#### SOURCE DATA
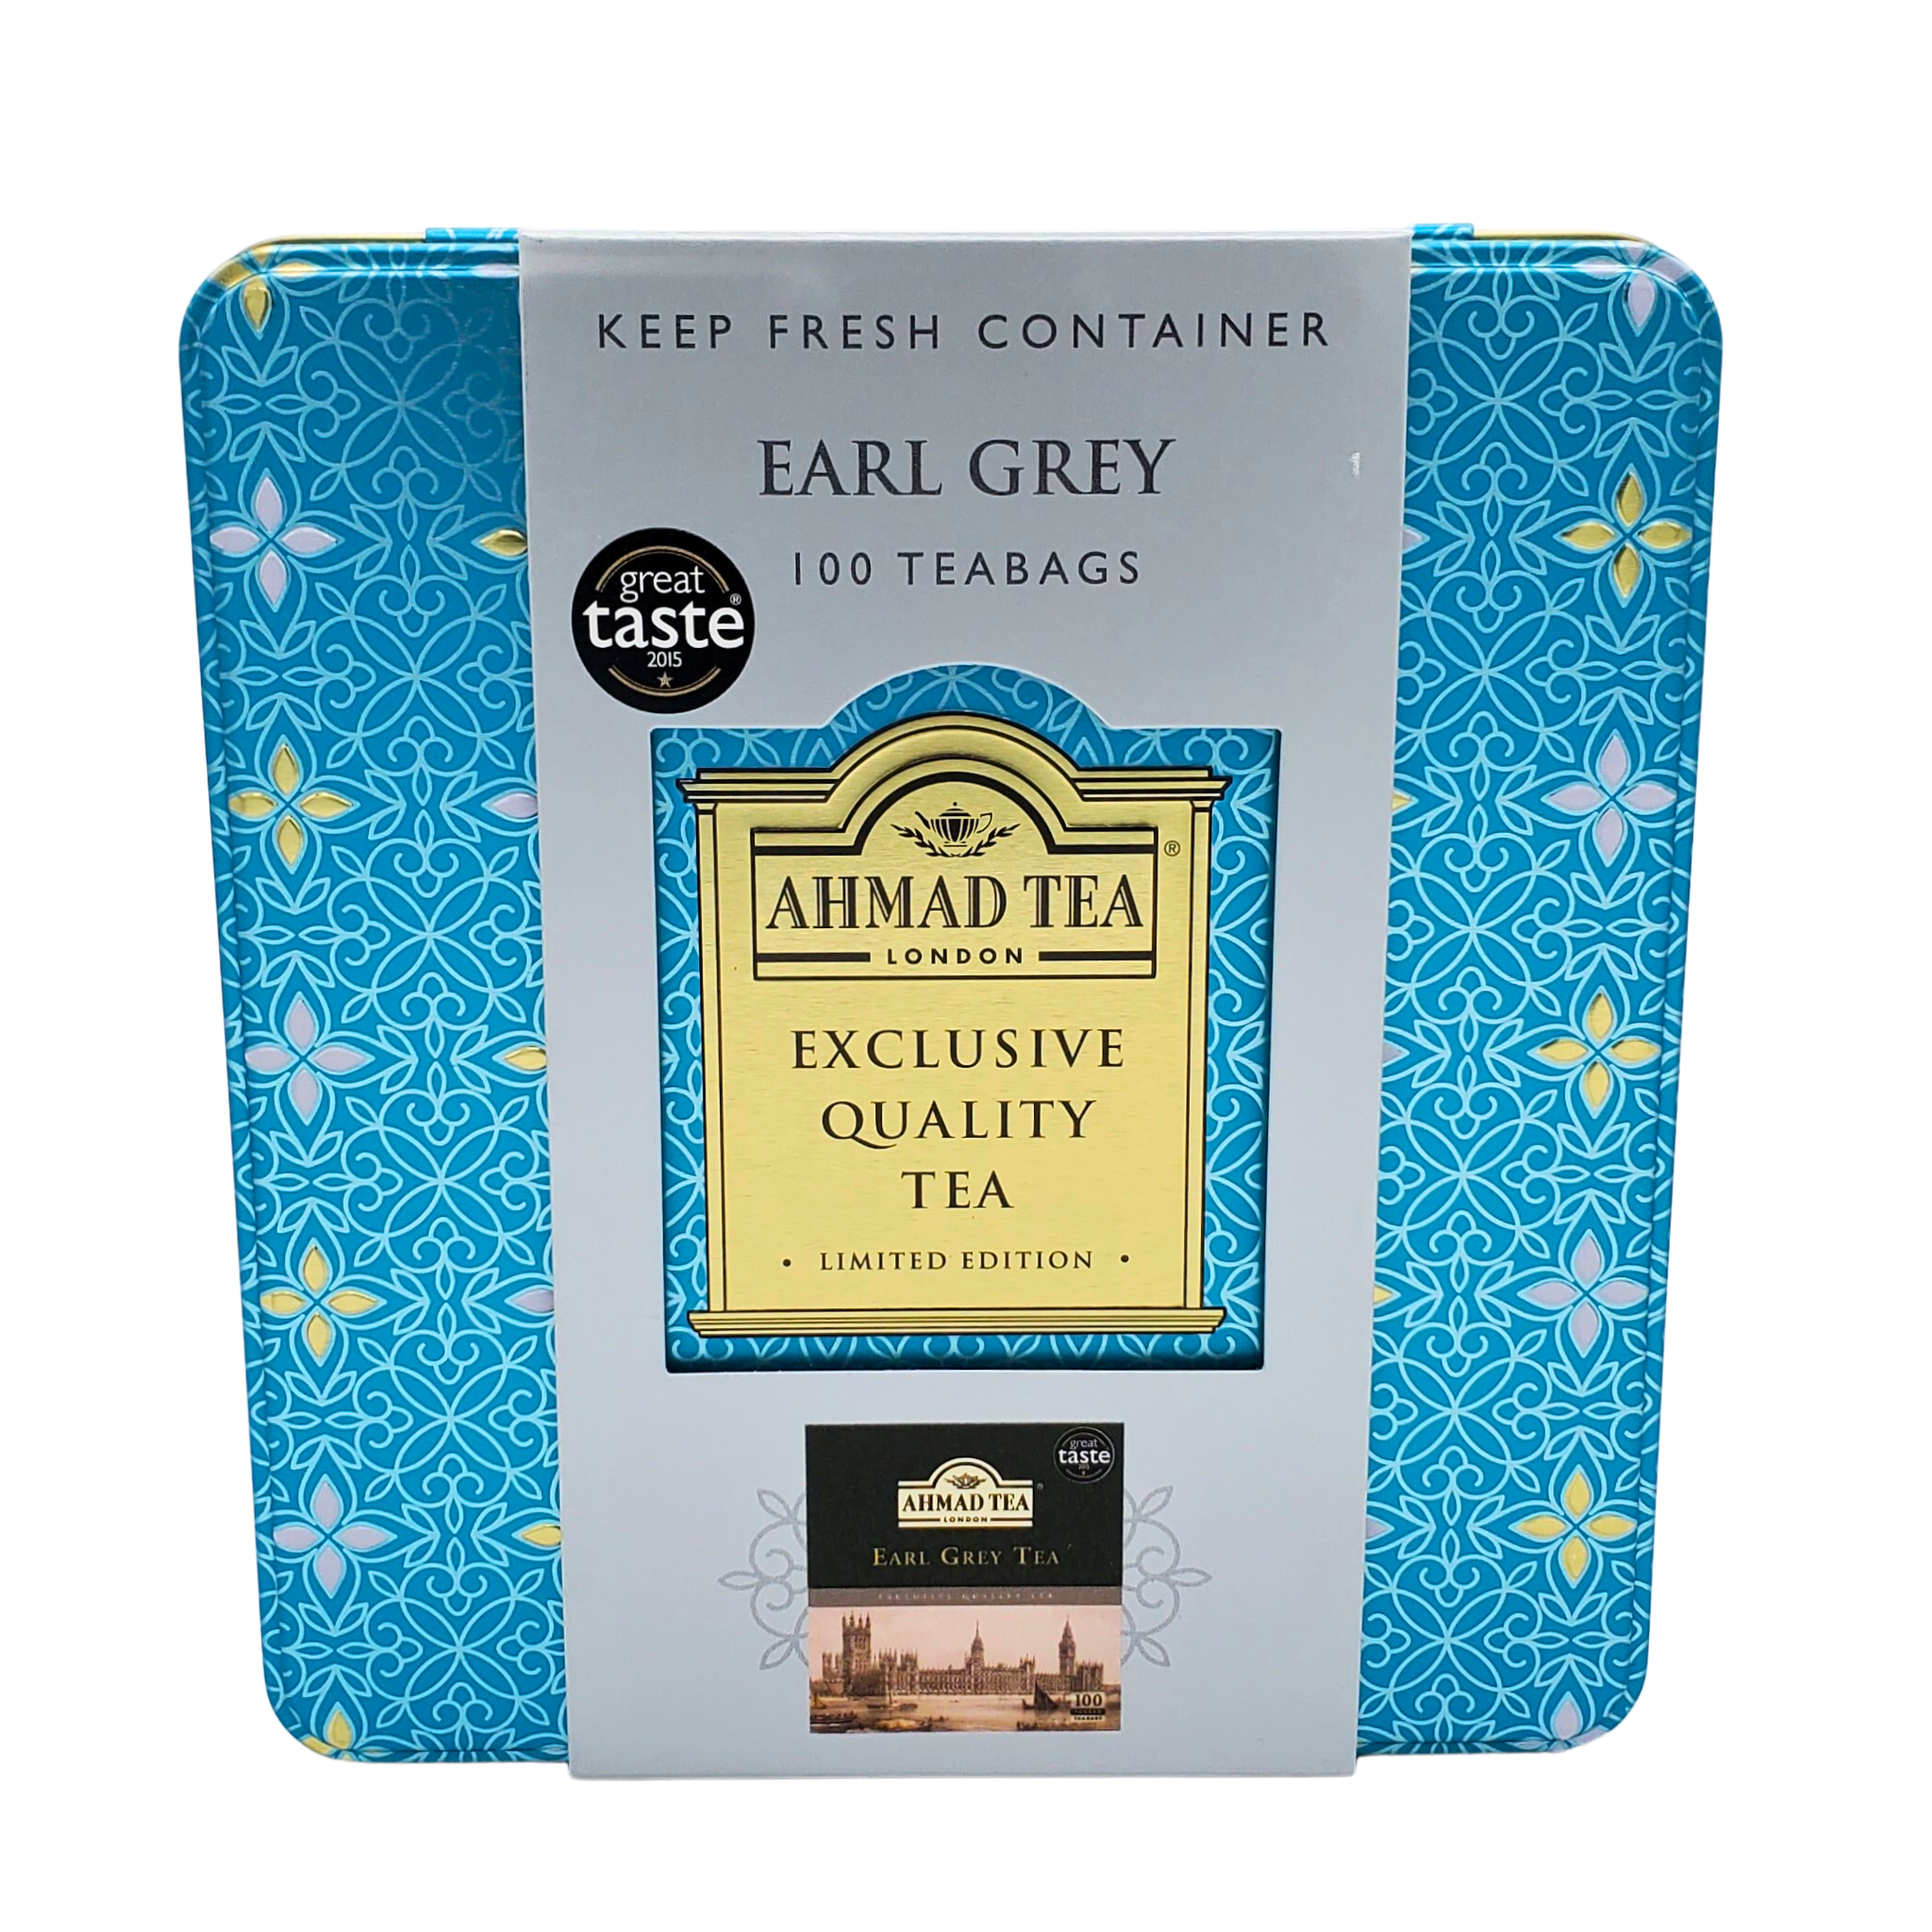 Ahmad Tea London Earl Grey Tea 100 Tea Bags Exclusive Quality Tea Limited Edition
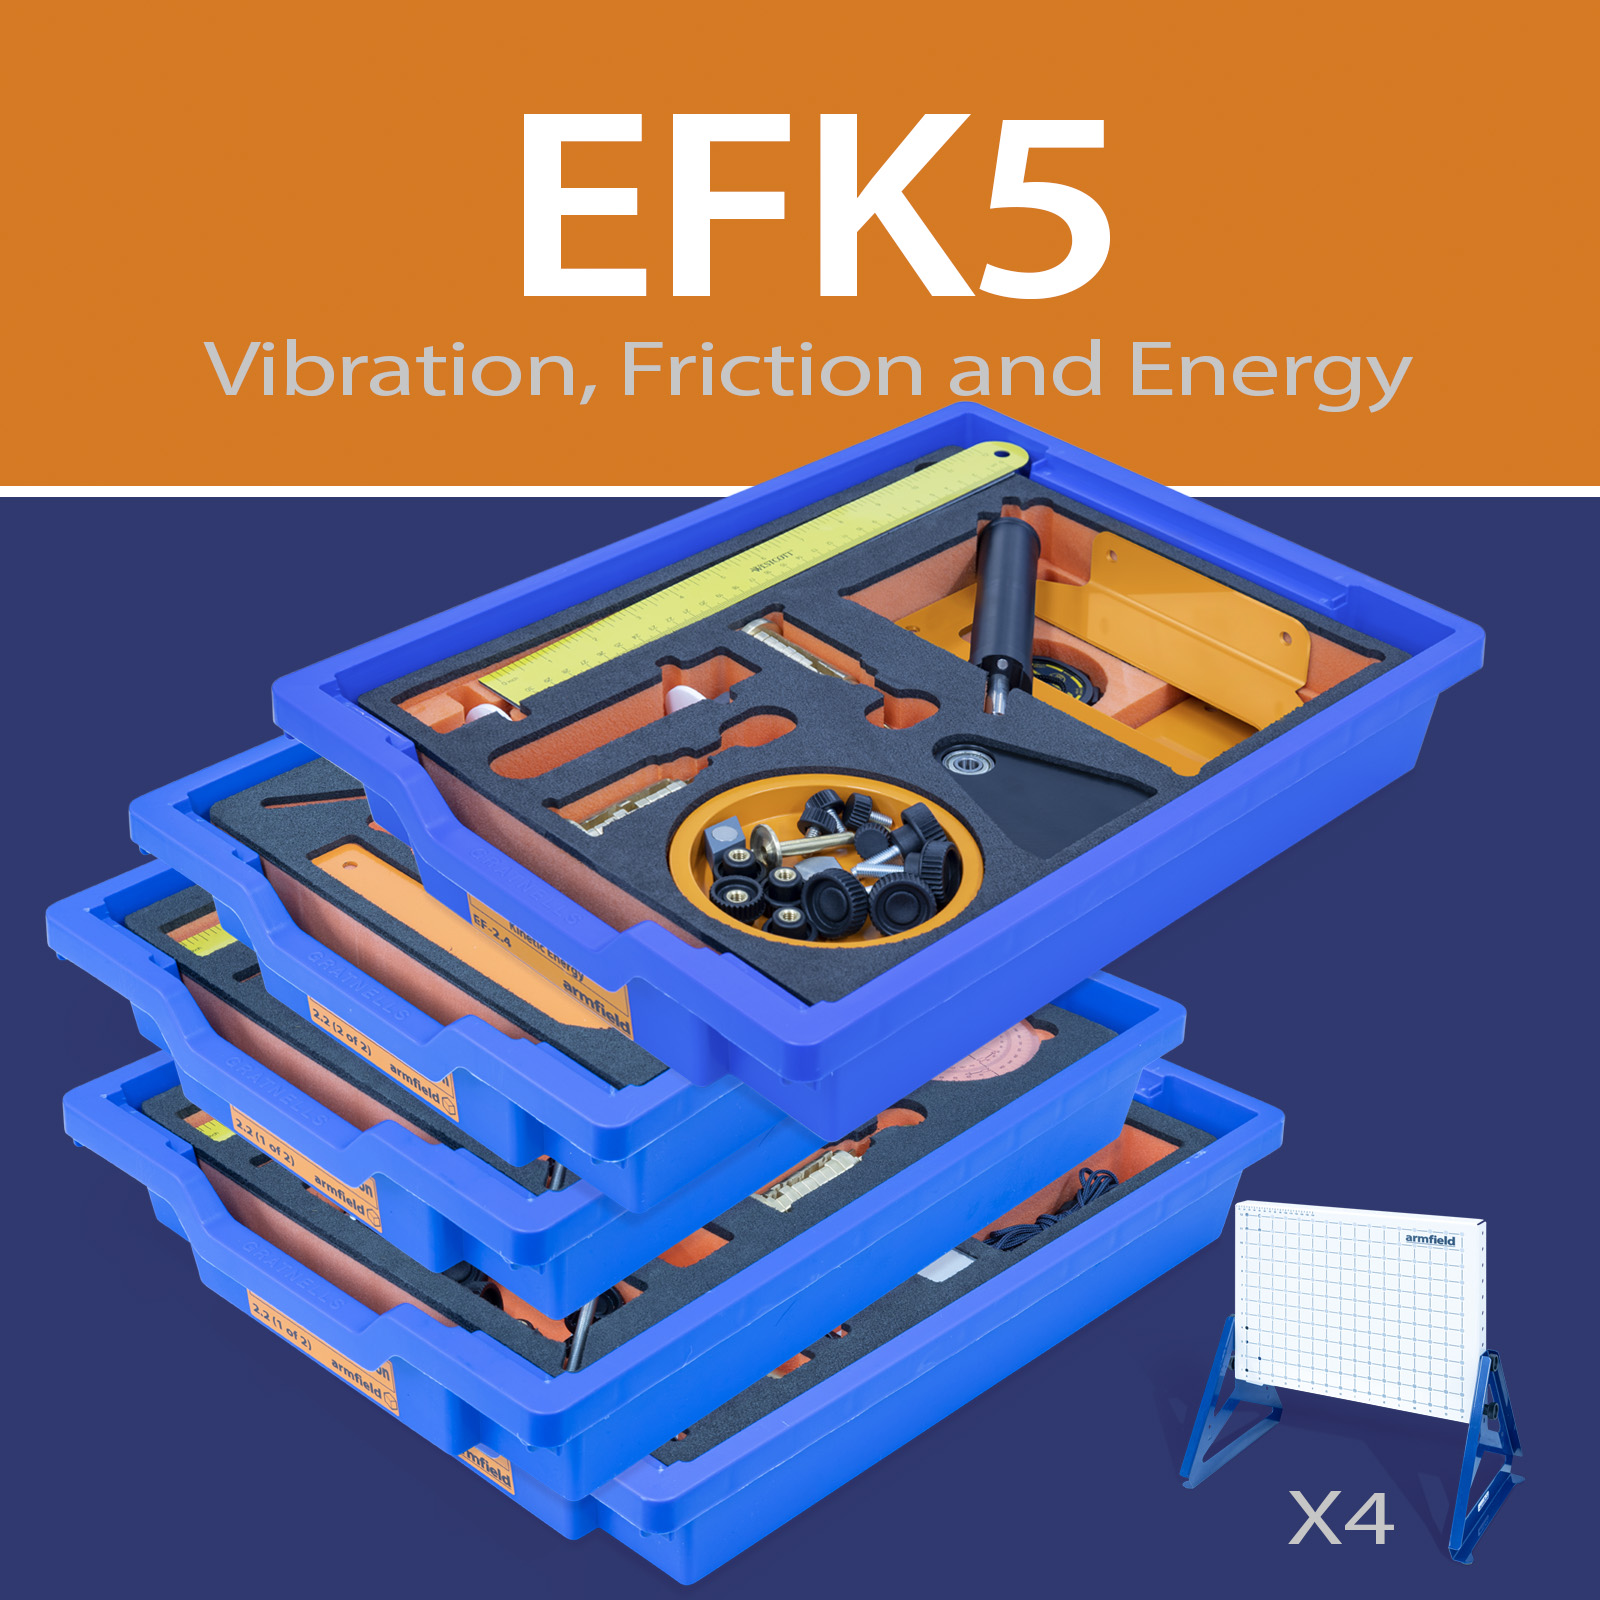 Vibration, Friction and Energy
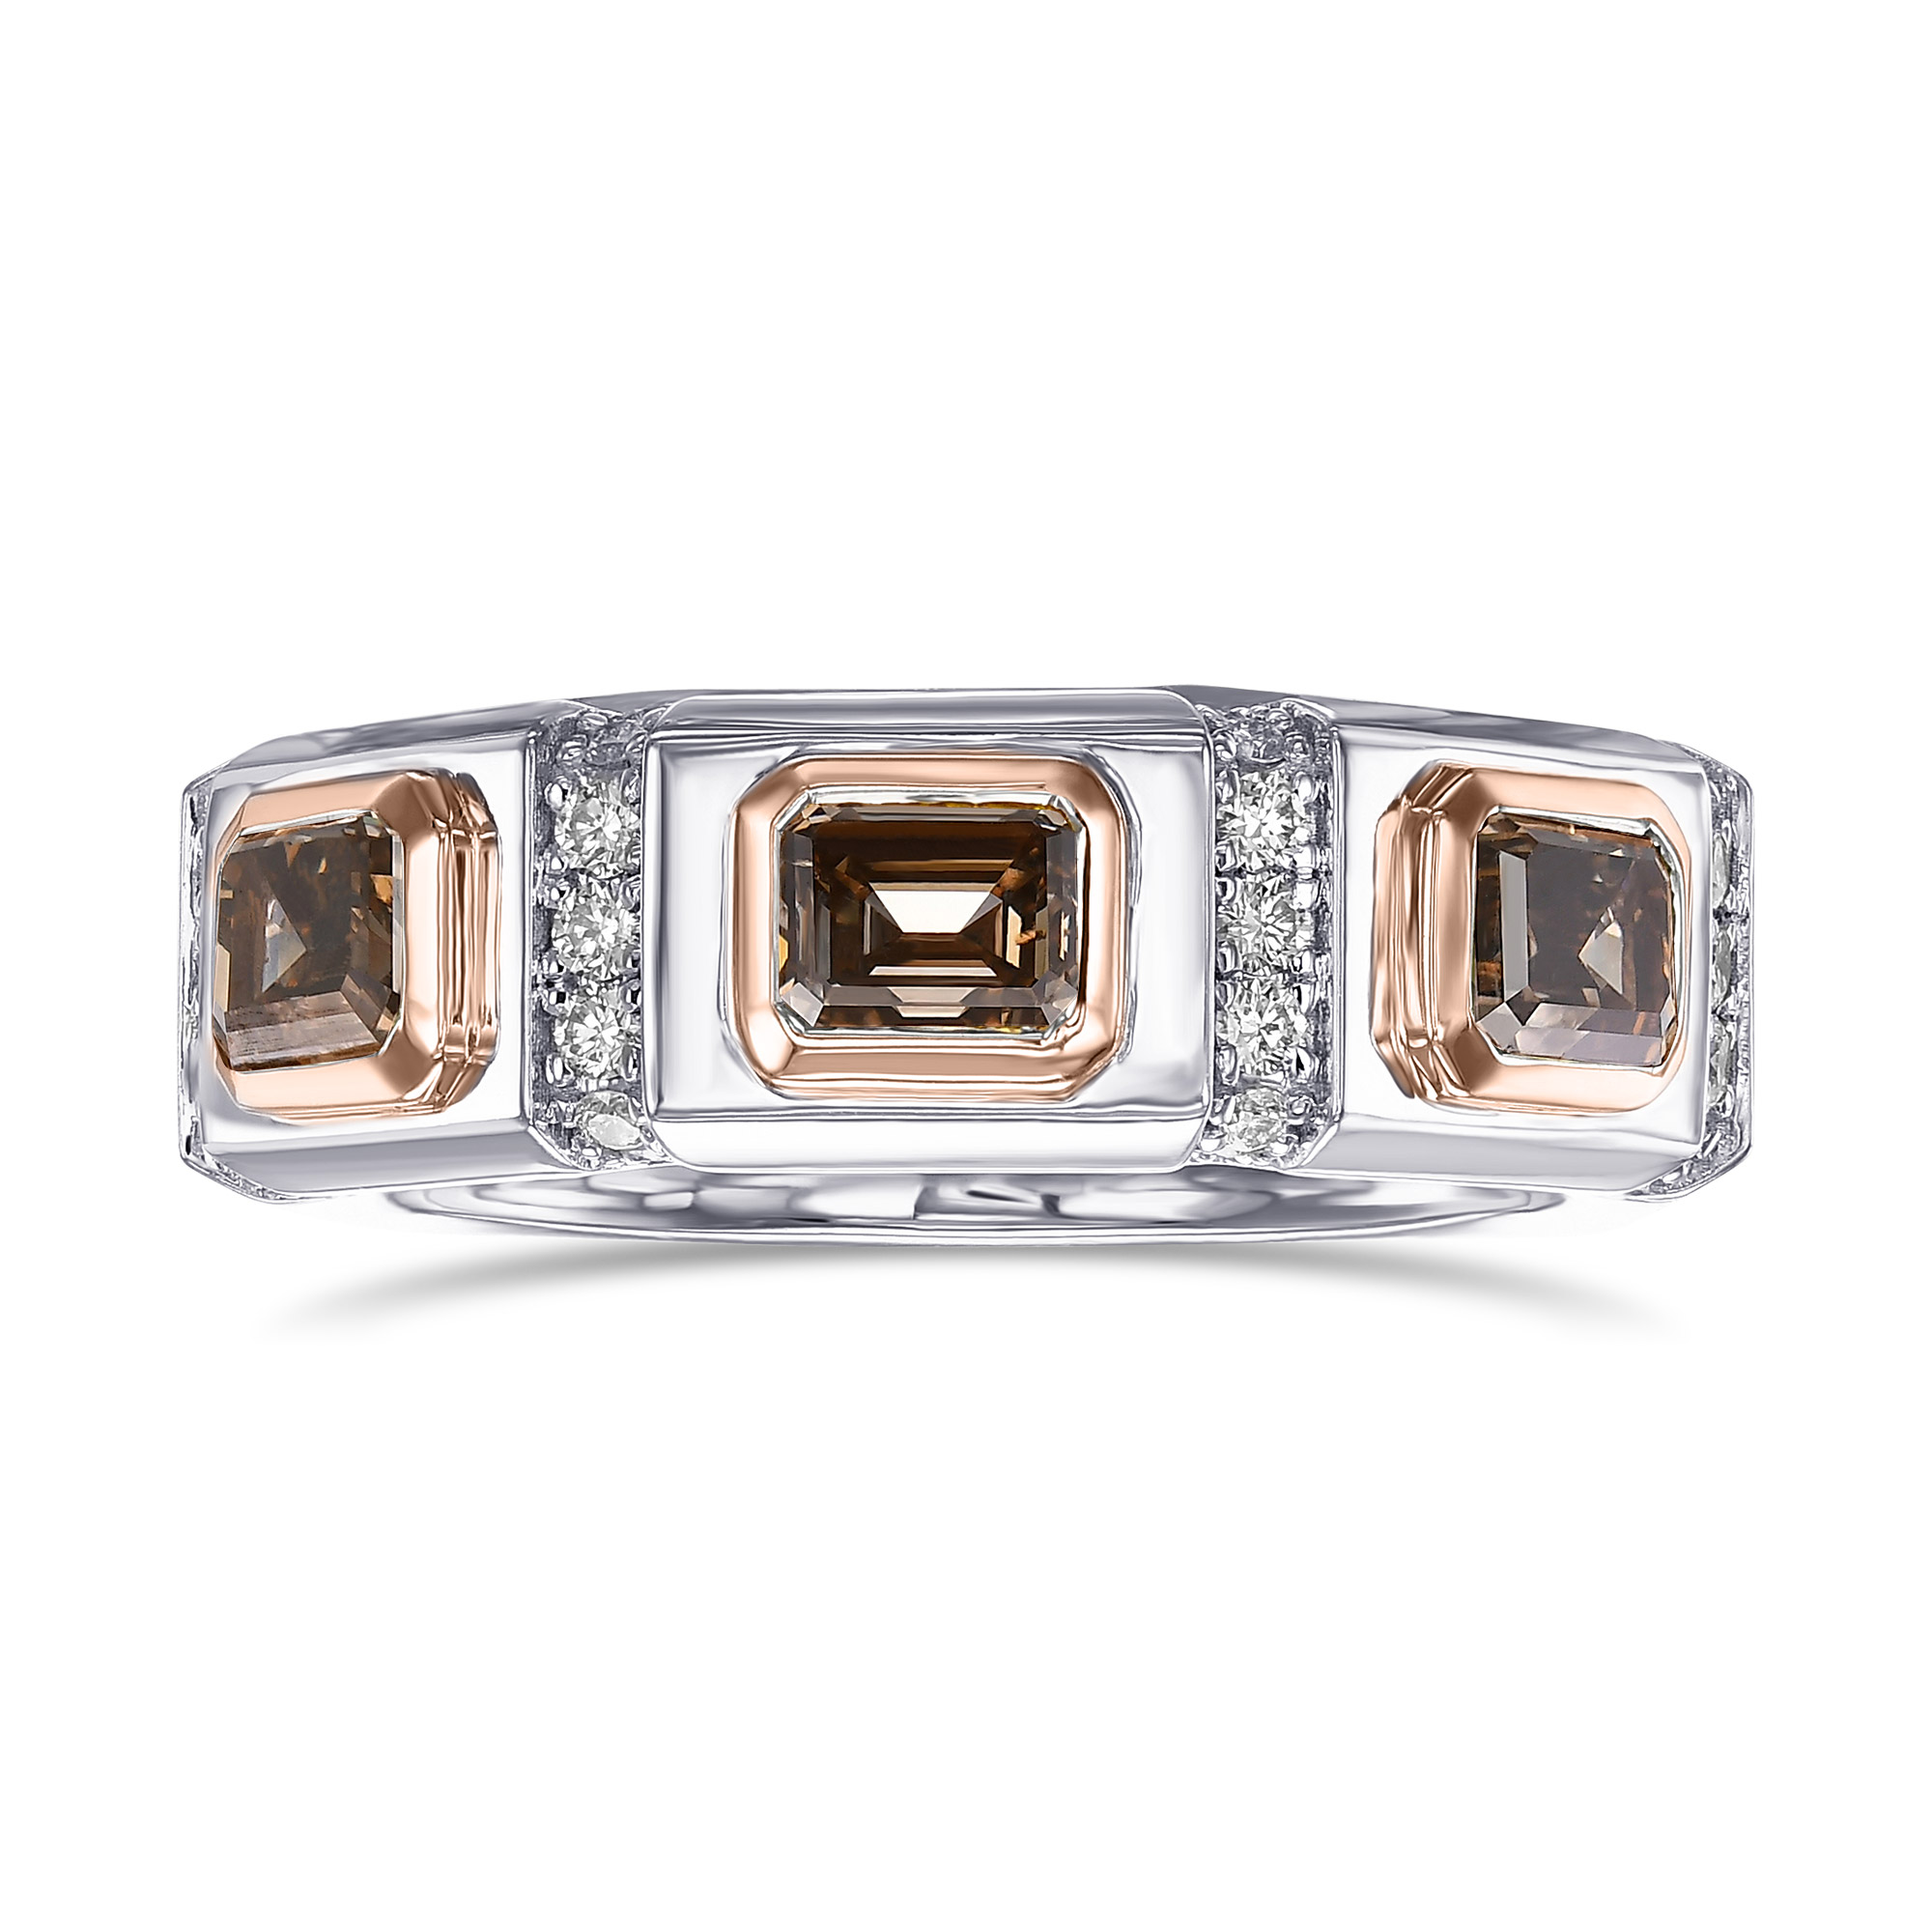 Men's Fancy Brown Three-stone Diamond Ring, SKU 522378 (2.69Ct TW)

#### TRY IT
Leaving out the pictures, restate the listing above exactly.

#### EXERCISE SOLUTION
 Ahmad Tea London Earl Grey Tea 100 Tea Bags Exclusive Quality Tea Limited Edition
 Vibration, Friction and Energy
 Men's Fancy Brown Three-stone Diamond Ring, SKU 522378 (2.69Ct TW)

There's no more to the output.